Ursula Pinart, Molly’s lawyer, came in first and gave me a peck on the cheek. A little more than a peck, actually. She was a good friend and a competent attorney. Ursula was a few years older than I, with salt-and-pepper hair pulled back into a tight bun. She looked more like a psychological counselor than a legal one, with a smile that radiated kindness and eyes that twinkled, as if she were about to share a joke.
Molly followed with a bit of a limp and an apologetic grimace. “I’m so sorry, Ursula said it would be okay to bring her.” She had her daughter on her hip, a cute pixie whose pigtails were tied with pink bows.
“You must be Hortense,” I said, leaning down. “How old are you, Hortense?”

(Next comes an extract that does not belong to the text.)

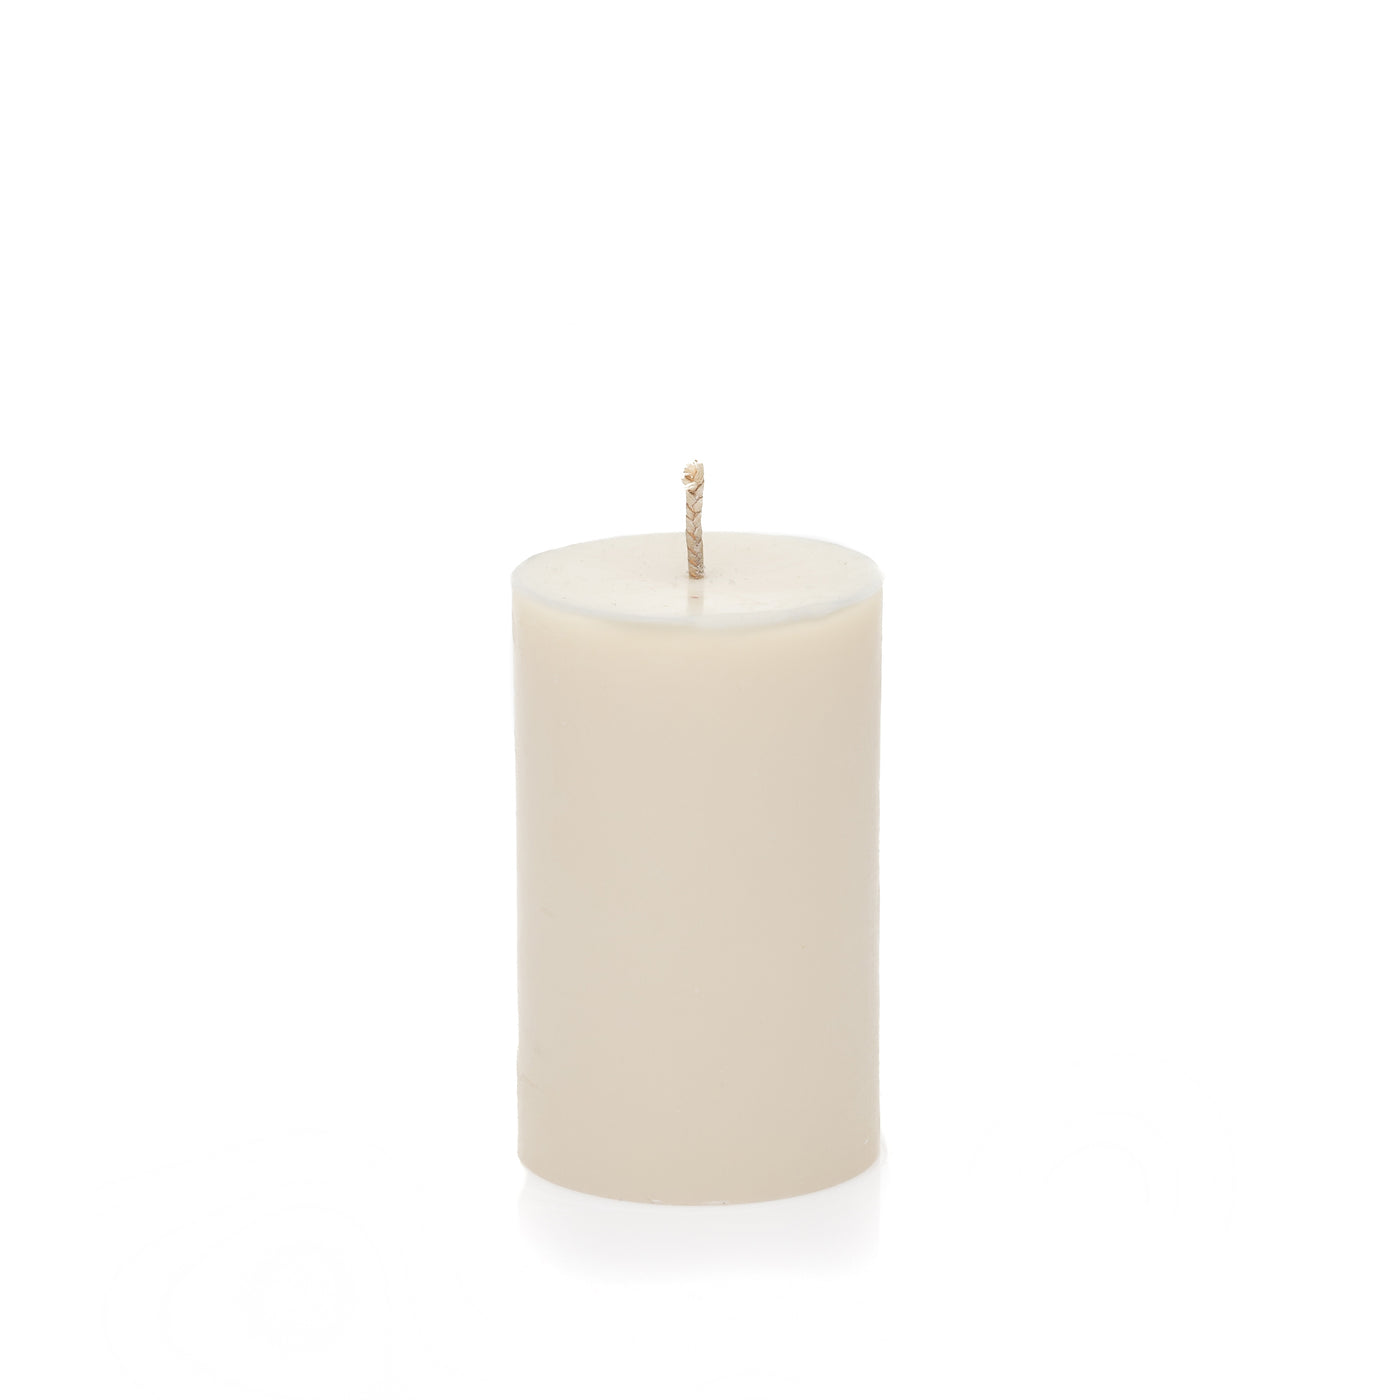 ORANGE et MANDARINE "Naked" scented candle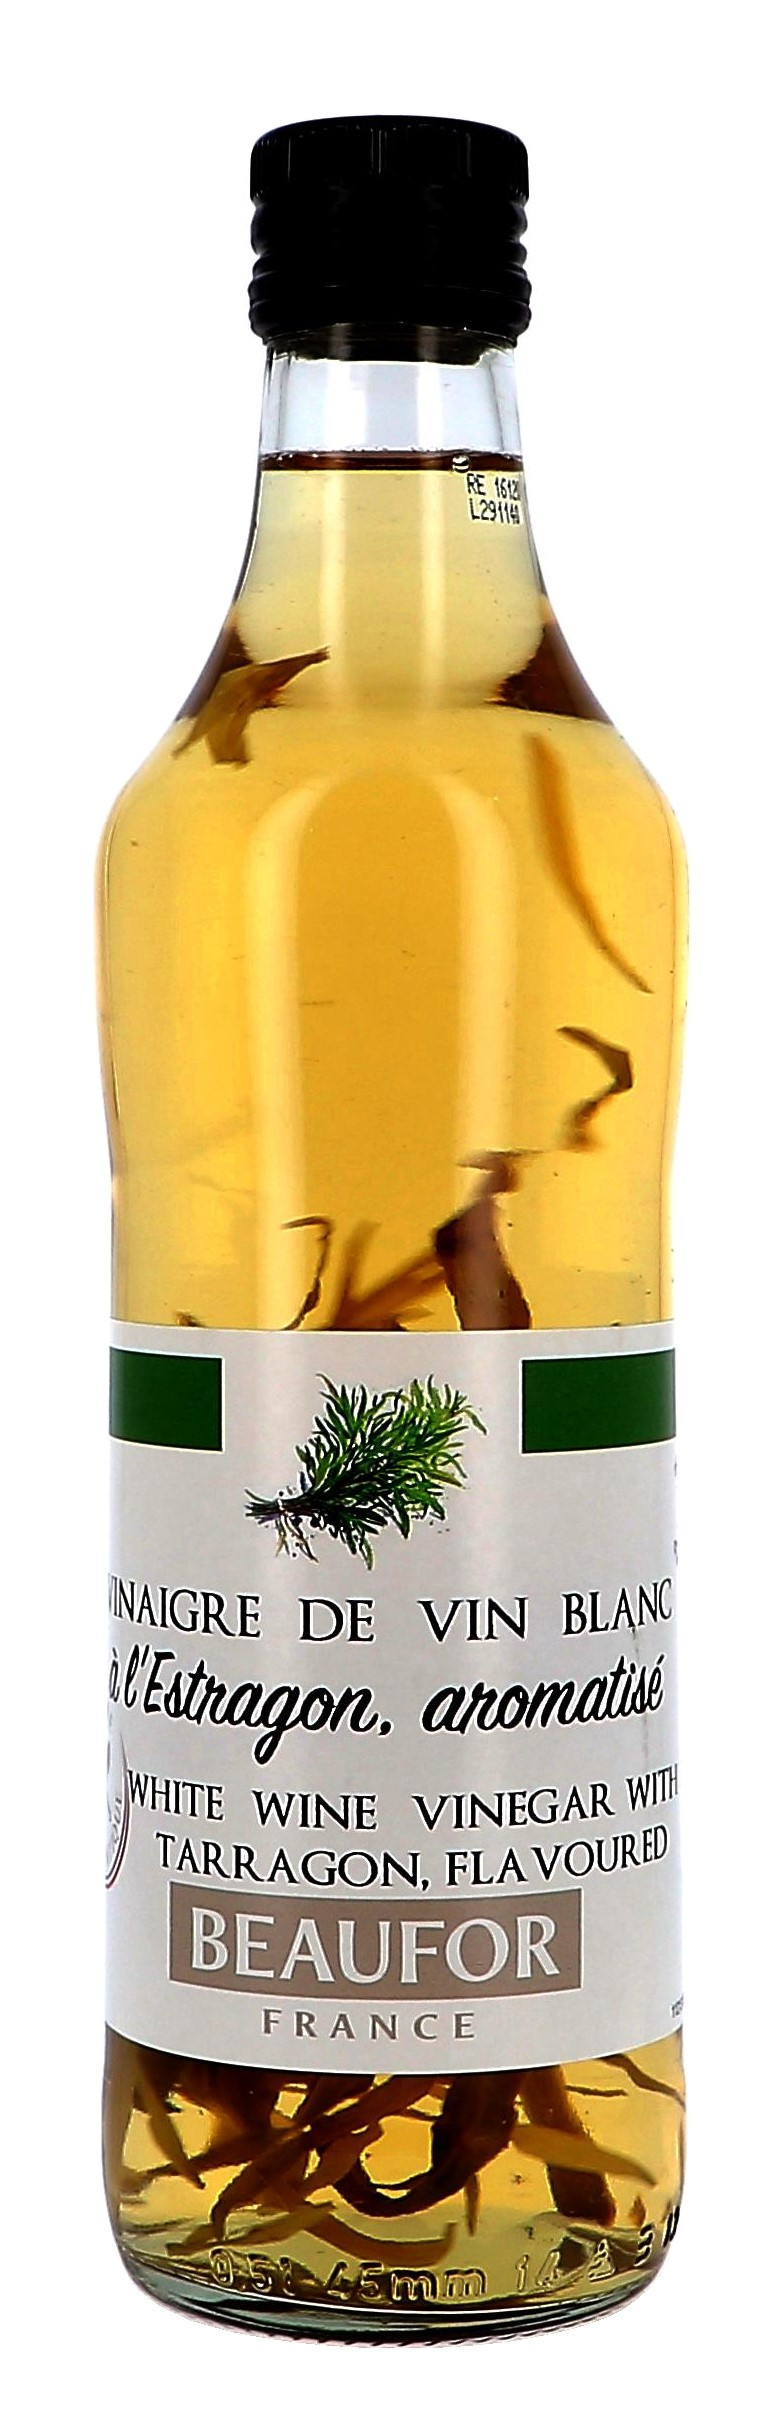 Vinaigre de vin blanc a l' estragon 50cl Beaufor (Default)

She turned away, squeezing her head against her mom’s shoulder, but held up a hand with four fingers awkwardly extended.
“Four years old. What a big girl!” That was how old Patricia would have been. I blinked a few times. Keep it together, Garrett.
“She’s shy, and she’ll be quiet. She’s very well behaved.”
Nicole was behind Horace. “Dad, I’d be happy to watch her—”
I made the sign for “No!” and said out loud, “Why don’t you get some coffees?”
She took the orders, and I got the clients seated around the table in the center of my office. I kept a box of toys by the fireplace.
“Hortense, you’re welcome to play with any of these. This one on the top is a lot of fun.” The centerpiece of my kid zone was a six-sided play cube with a bead maze on the top—colorful wires with beads that could be moved along them. Each side had fun activities such as interlocking plastic gears and an abacus.
Hortense shook her head and gripped her mom tighter.
“Or not. But feel free to play with them if you get bored.” I returned to the table, a heavy antique that matched the men’s club atmosphere.
“Pleased to meet you, Molly. I’m very sorry for your loss.” I shook her hand. She was apparently fighting a battle against her weight, a war the bad guys were winning, but her round face was pleasant and held a warm smile.